Manfaat Penderitaan (I)

4 0 0
                                    

Apa pun sebab dan jenis penderitaan yang kita alami pasti akan bermanfaat jika kita menyerahkan itu semua ke dalam tangan Tuhan. Ovid berkata, "Pikullah segala penderitaan dengan penuh ibadah kepada Tuhan; penderitaan itu mungkin pada saatnya akan menguntungkan Anda."

Seorang rohaniawan pernah mengalami masa-masa sulit dalam pelayanan. Kesulitan itu lebih banyak karena disalahpahami oleh orang dan orang tersebut membentuk opini di kalangan lebih banyak orang. Rohaniawan itu menyadari bahwa opini tersebut juga bisa jadi tidak terlepas dari peran dan kesalahannya. Namun, keadaan bertambah semakin sulit karena apa pun yang dilakukannya hampir selalu dipandang negatif. Ia berdoa, namun tampaknya Tuhan tidak menjawab doanya.

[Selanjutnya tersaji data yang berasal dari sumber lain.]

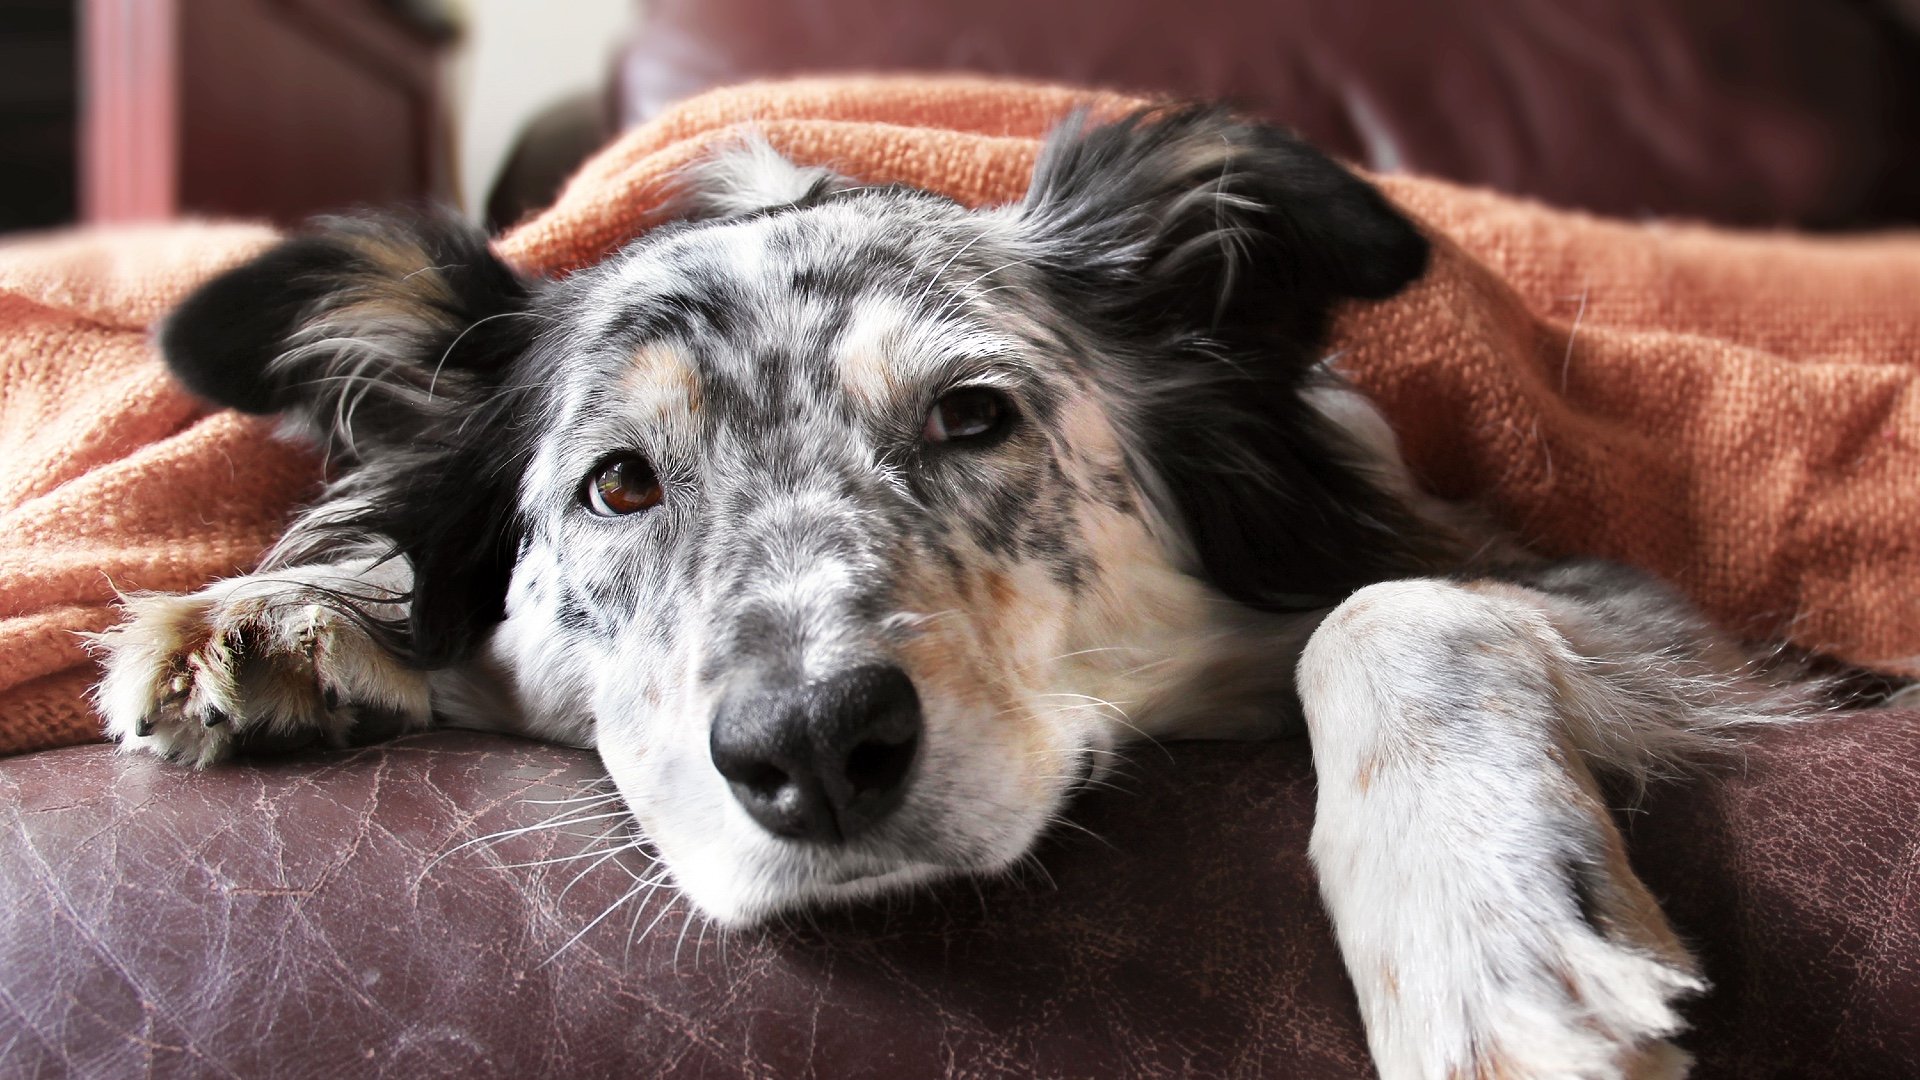 11 things to check when your dog is not eating, according to a trained vet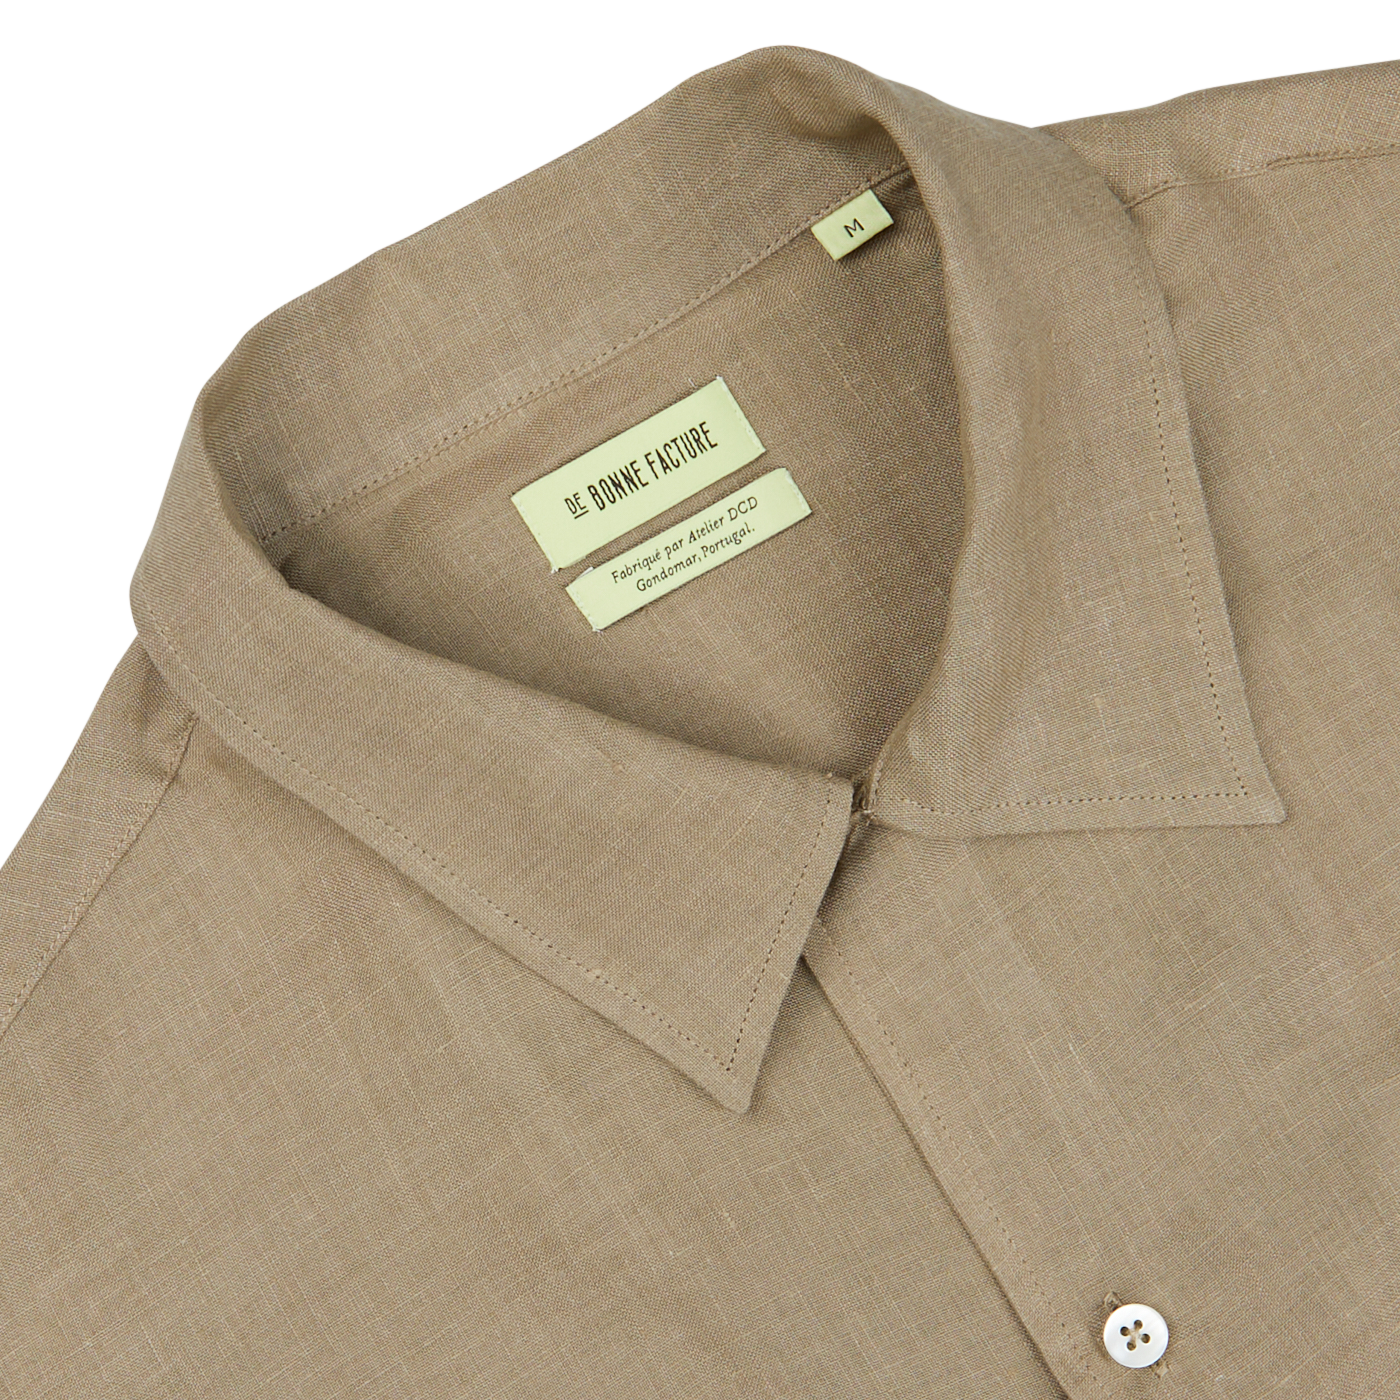 Close-up of a beige De Bonne Facture linen shirt collar with a label marking "Soft Grey Linen Floral Embroidered Shirt" and size information.

Setelah memakan waktu yang tidak sedikit, ia memperoleh panggilan Tuhan untuk melayani di ladang misi. Ia tidak senang dengan panggilan itu, namun keadaan yang terjadi menggiring dia untuk akhirnya menjawab panggilan Tuhan. Akhirnya, ia tahu bahwa sesungguhnya Tuhan itu sudah menggerakkan hatinya sejak beberapa waktu sebelum masa-masa penderitaan. Namun, ia lebih mencintai kenyamanan hidup sehingga ia terus menolak panggilan tersebut. Jadi, sebenarnya penderitaan yang ia alami adalah sesuatu yang diizinkan oleh Tuhan agar ia menaati panggilan-Nya. Tuhan mengizinkannya berbuat salah, Tuhan yang mengizinkan orang untuk terus mencurigai dan memandang secara negatif. Semua itu untuk mendatangkan kebaikan. Oleh karena itu, kita harusnya memiliki keyakinan bahwa ada manfaat di balik setiap penderitaan.

Waktu kecil orang-tua saya suka berkata bahwa ada permata di balik air mata. Permata-permata di balik penderitaan itu antara lain dikemukakan di bawah ini.

PENDERITAAN MEMPERDALAM DAN MEMPERHALUS WATAK KITA

Musa adalah manusia yang paling lembut yang pernah ditulis dalam Alkitab. Kelembutan yang ditampilkannya tidak datang begitu saja. Ketika di tanah Mesir, Musa adalah orang yang cepat bereaksi dan gampang sekali marah. Hal itu tampak ketika ia membunuh tentara Mesir yang menganiaya orang Ibrani. Kemudian Tuhan membawanya ke padang gurun, jauh dari gemerlap kuasa dan kenikmatan seperti ketika ia masih di Mesir. Ia masuk dalam penderitaan sekaligus pendidikan Tuhan di padang gurun selama empat puluh tahun, sampai Tuhan memandang bahwa ia siap untuk menjadi pemimpin dan membawa bangsa Israel keluar dari tanah Mesir. Ia memimpin dengan penuh kesabaran dan kelembutan hati. Penderitaan yang dialami Musa telah membentuk karakter dan wataknya sebagai orang yang siap memimpin bangsa yang tegar tengkuk. Manusia -- seperti Musa ketika masih di Mesir -- suka menghakimi orang dengan keras dan menghukum sesamanya dengan kejam, baik lewat kata-kata yang menyakitkan, fitnah bahkan sampai kekerasan fisik. Namun, penderitaan menolong manusia untuk mengerti cara dan sikap dalam memperlakukan sesama.